REQUIRED ACTION
A faithful copy is needed. Set down all of the data below exactly.

MATERIAL PROVIDED
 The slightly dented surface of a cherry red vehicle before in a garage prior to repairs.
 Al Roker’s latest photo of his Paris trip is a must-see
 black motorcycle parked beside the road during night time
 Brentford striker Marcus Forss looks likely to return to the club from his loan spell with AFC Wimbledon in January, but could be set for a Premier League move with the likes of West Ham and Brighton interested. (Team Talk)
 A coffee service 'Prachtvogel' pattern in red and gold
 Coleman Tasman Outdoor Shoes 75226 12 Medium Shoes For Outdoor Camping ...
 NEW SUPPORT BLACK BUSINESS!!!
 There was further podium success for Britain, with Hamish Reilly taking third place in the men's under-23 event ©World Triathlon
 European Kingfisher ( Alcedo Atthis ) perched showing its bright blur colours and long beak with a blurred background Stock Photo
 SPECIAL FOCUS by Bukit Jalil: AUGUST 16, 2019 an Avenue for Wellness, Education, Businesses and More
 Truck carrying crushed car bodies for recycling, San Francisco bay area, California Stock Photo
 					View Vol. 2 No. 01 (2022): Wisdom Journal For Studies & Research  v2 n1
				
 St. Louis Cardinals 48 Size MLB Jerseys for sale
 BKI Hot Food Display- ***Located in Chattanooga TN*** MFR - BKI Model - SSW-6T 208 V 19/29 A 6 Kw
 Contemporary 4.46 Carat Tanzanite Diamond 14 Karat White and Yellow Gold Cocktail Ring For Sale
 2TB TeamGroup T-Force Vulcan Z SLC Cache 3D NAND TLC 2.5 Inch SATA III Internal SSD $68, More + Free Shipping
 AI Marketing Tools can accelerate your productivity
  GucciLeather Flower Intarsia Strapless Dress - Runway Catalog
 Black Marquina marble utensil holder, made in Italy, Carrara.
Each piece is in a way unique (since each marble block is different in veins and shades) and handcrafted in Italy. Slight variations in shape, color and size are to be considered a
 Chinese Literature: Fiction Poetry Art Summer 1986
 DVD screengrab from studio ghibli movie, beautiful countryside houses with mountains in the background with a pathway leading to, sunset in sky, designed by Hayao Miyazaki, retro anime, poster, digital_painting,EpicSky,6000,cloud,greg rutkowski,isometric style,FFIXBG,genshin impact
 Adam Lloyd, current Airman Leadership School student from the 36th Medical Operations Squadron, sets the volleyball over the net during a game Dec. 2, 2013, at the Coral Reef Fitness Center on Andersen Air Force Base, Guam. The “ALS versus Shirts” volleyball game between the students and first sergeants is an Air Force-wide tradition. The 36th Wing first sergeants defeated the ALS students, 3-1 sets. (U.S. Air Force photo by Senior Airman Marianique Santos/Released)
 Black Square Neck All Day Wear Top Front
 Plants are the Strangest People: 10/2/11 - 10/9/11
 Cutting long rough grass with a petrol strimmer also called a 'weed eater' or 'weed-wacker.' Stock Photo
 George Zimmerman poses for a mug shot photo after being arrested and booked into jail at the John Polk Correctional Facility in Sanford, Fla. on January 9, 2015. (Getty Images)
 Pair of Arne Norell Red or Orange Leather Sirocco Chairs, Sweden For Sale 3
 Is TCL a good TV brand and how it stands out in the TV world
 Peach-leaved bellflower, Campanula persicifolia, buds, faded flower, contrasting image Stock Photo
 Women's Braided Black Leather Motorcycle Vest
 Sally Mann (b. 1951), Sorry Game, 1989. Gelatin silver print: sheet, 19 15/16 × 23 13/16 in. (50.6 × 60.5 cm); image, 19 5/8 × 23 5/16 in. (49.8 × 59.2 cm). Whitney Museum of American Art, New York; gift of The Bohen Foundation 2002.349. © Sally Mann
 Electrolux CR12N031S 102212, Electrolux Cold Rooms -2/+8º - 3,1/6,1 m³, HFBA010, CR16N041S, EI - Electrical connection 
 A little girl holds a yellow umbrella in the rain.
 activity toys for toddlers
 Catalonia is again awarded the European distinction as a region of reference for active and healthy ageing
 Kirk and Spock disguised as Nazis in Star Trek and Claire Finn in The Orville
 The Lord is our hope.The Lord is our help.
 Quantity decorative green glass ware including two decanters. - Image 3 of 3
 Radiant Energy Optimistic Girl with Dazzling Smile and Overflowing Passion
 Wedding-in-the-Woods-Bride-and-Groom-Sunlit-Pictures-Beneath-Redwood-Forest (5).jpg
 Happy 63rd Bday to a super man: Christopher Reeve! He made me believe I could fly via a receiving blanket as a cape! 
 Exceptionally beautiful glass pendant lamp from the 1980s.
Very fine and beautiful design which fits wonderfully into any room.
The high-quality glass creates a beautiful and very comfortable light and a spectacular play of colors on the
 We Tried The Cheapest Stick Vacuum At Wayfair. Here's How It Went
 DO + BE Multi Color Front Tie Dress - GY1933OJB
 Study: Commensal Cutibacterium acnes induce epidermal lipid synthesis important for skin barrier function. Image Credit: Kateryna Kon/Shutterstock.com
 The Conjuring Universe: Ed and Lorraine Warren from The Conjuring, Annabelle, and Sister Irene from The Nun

PROBLEM SOLUTION
 The slightly dented surface of a cherry red vehicle before in a garage prior to repairs.
 Al Roker’s latest photo of his Paris trip is a must-see
 black motorcycle parked beside the road during night time
 Brentford striker Marcus Forss looks likely to return to the club from his loan spell with AFC Wimbledon in January, but could be set for a Premier League move with the likes of West Ham and Brighton interested. (Team Talk)
 A coffee service 'Prachtvogel' pattern in red and gold
 Coleman Tasman Outdoor Shoes 75226 12 Medium Shoes For Outdoor Camping ...
 NEW SUPPORT BLACK BUSINESS!!!
 There was further podium success for Britain, with Hamish Reilly taking third place in the men's under-23 event ©World Triathlon
 European Kingfisher ( Alcedo Atthis ) perched showing its bright blur colours and long beak with a blurred background Stock Photo
 SPECIAL FOCUS by Bukit Jalil: AUGUST 16, 2019 an Avenue for Wellness, Education, Businesses and More
 Truck carrying crushed car bodies for recycling, San Francisco bay area, California Stock Photo
 					View Vol. 2 No. 01 (2022): Wisdom Journal For Studies & Research  v2 n1
				
 St. Louis Cardinals 48 Size MLB Jerseys for sale
 BKI Hot Food Display- ***Located in Chattanooga TN*** MFR - BKI Model - SSW-6T 208 V 19/29 A 6 Kw
 Contemporary 4.46 Carat Tanzanite Diamond 14 Karat White and Yellow Gold Cocktail Ring For Sale
 2TB TeamGroup T-Force Vulcan Z SLC Cache 3D NAND TLC 2.5 Inch SATA III Internal SSD $68, More + Free Shipping
 AI Marketing Tools can accelerate your productivity
  GucciLeather Flower Intarsia Strapless Dress - Runway Catalog
 Black Marquina marble utensil holder, made in Italy, Carrara.
Each piece is in a way unique (since each marble block is different in veins and shades) and handcrafted in Italy. Slight variations in shape, color and size are to be considered a
 Chinese Literature: Fiction Poetry Art Summer 1986
 DVD screengrab from studio ghibli movie, beautiful countryside houses with mountains in the background with a pathway leading to, sunset in sky, designed by Hayao Miyazaki, retro anime, poster, digital_painting,EpicSky,6000,cloud,greg rutkowski,isometric style,FFIXBG,genshin impact
 Adam Lloyd, current Airman Leadership School student from the 36th Medical Operations Squadron, sets the volleyball over the net during a game Dec. 2, 2013, at the Coral Reef Fitness Center on Andersen Air Force Base, Guam. The “ALS versus Shirts” volleyball game between the students and first sergeants is an Air Force-wide tradition. The 36th Wing first sergeants defeated the ALS students, 3-1 sets. (U.S. Air Force photo by Senior Airman Marianique Santos/Released)
 Black Square Neck All Day Wear Top Front
 Plants are the Strangest People: 10/2/11 - 10/9/11
 Cutting long rough grass with a petrol strimmer also called a 'weed eater' or 'weed-wacker.' Stock Photo
 George Zimmerman poses for a mug shot photo after being arrested and booked into jail at the John Polk Correctional Facility in Sanford, Fla. on January 9, 2015. (Getty Images)
 Pair of Arne Norell Red or Orange Leather Sirocco Chairs, Sweden For Sale 3
 Is TCL a good TV brand and how it stands out in the TV world
 Peach-leaved bellflower, Campanula persicifolia, buds, faded flower, contrasting image Stock Photo
 Women's Braided Black Leather Motorcycle Vest
 Sally Mann (b. 1951), Sorry Game, 1989. Gelatin silver print: sheet, 19 15/16 × 23 13/16 in. (50.6 × 60.5 cm); image, 19 5/8 × 23 5/16 in. (49.8 × 59.2 cm). Whitney Museum of American Art, New York; gift of The Bohen Foundation 2002.349. © Sally Mann
 Electrolux CR12N031S 102212, Electrolux Cold Rooms -2/+8º - 3,1/6,1 m³, HFBA010, CR16N041S, EI - Electrical connection 
 A little girl holds a yellow umbrella in the rain.
 activity toys for toddlers
 Catalonia is again awarded the European distinction as a region of reference for active and healthy ageing
 Kirk and Spock disguised as Nazis in Star Trek and Claire Finn in The Orville
 The Lord is our hope.The Lord is our help.
 Quantity decorative green glass ware including two decanters. - Image 3 of 3
 Radiant Energy Optimistic Girl with Dazzling Smile and Overflowing Passion
 Wedding-in-the-Woods-Bride-and-Groom-Sunlit-Pictures-Beneath-Redwood-Forest (5).jpg
 Happy 63rd Bday to a super man: Christopher Reeve! He made me believe I could fly via a receiving blanket as a cape! 
 Exceptionally beautiful glass pendant lamp from the 1980s.
Very fine and beautiful design which fits wonderfully into any room.
The high-quality glass creates a beautiful and very comfortable light and a spectacular play of colors on the
 We Tried The Cheapest Stick Vacuum At Wayfair. Here's How It Went
 DO + BE Multi Color Front Tie Dress - GY1933OJB
 Study: Commensal Cutibacterium acnes induce epidermal lipid synthesis important for skin barrier function. Image Credit: Kateryna Kon/Shutterstock.com
 The Conjuring Universe: Ed and Lorraine Warren from The Conjuring, Annabelle, and Sister Irene from The Nun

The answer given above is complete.